Today, we are launching two new features to help you improve the way you manage your data warehouse and integrate with a data lake:
- Data Lake Export to unload data from a Redshift cluster to S3 in Apache Parquet format, an efficient open columnar storage format optimized for analytics.
- Federated Query to be able, from a Redshift cluster, to query across data stored in the cluster, in your S3 data lake, and in one or more Amazon Relational Database Service (RDS) for PostgreSQL and Amazon Aurora PostgreSQL databases.
This architectural diagram gives a quick summary of how these features work and how they can be used together with other AWS services.

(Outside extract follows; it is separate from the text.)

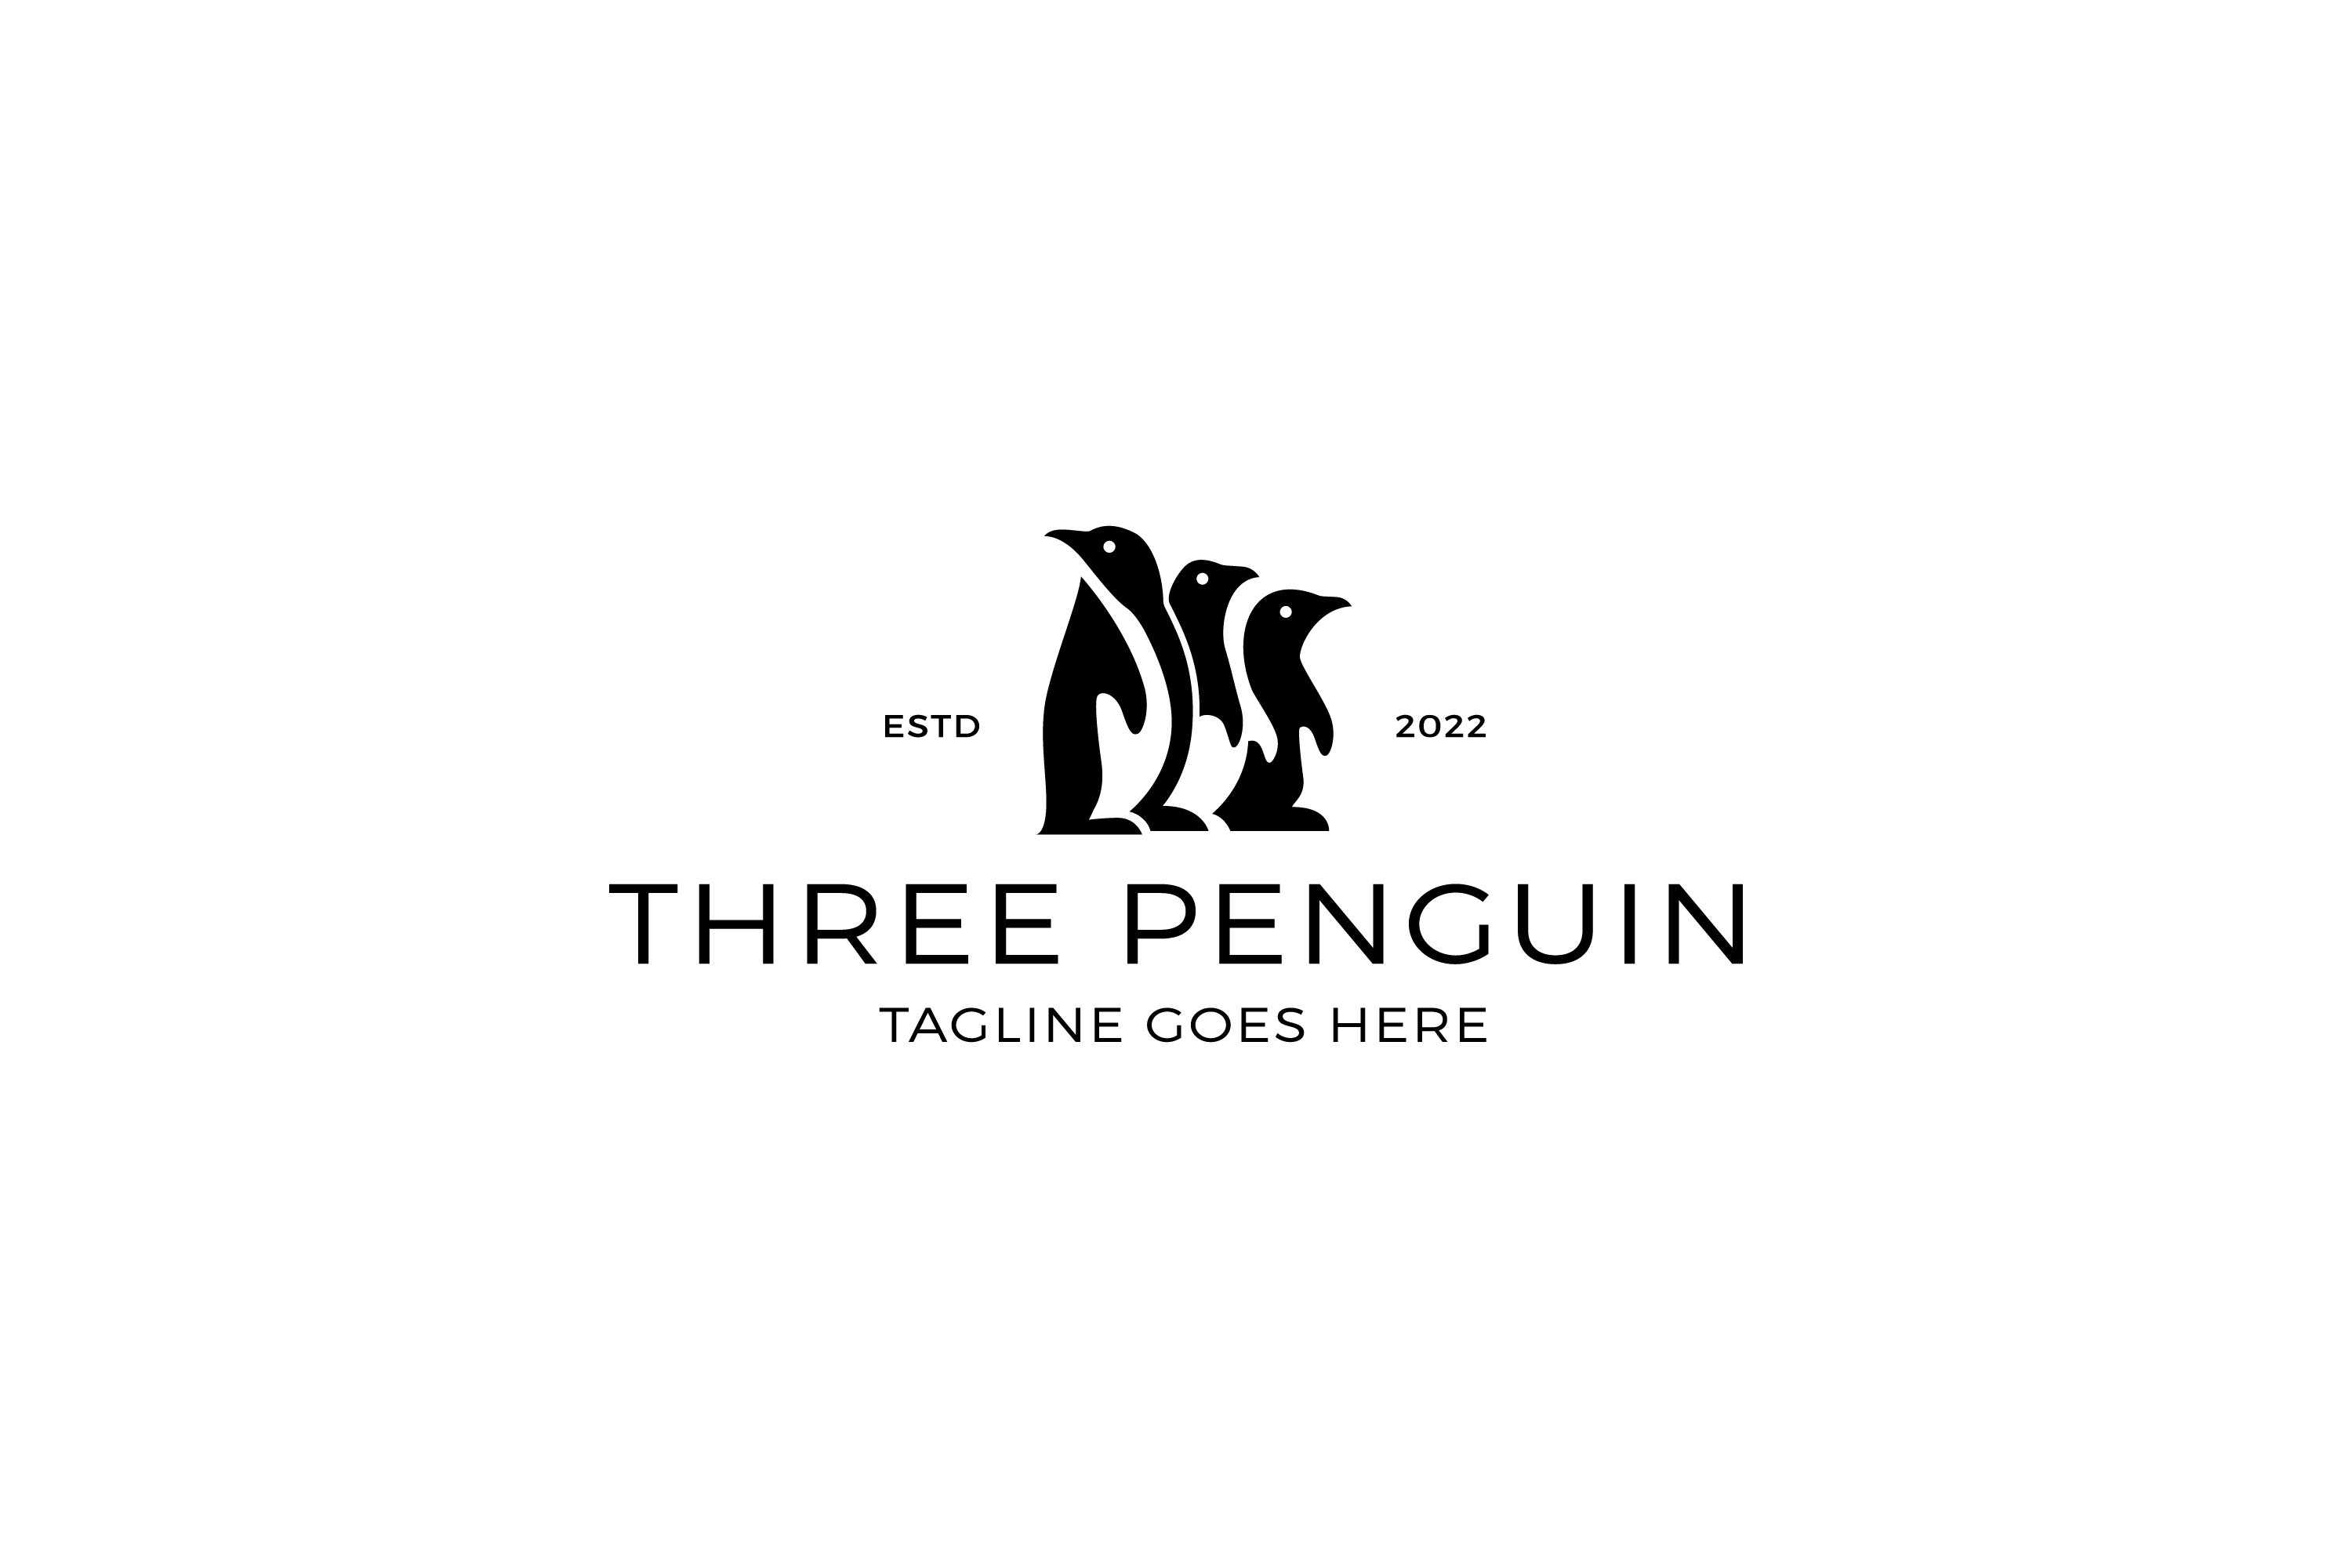 Standing Three Penguin Logo cover image.

Let’s explain the interactions you see in the diagram better, starting from how you can use these features, and the advantages they provide.
Using Redshift Data Lake Export
You can now unload the result of a Redshift query to your S3 data lake in Apache Parquet format. The Parquet format is up to 2x faster to unload and consumes up to 6x less storage in S3, compared to text formats. This enables you to save data transformation and enrichment you have done in Redshift into your S3 data lake in an open format.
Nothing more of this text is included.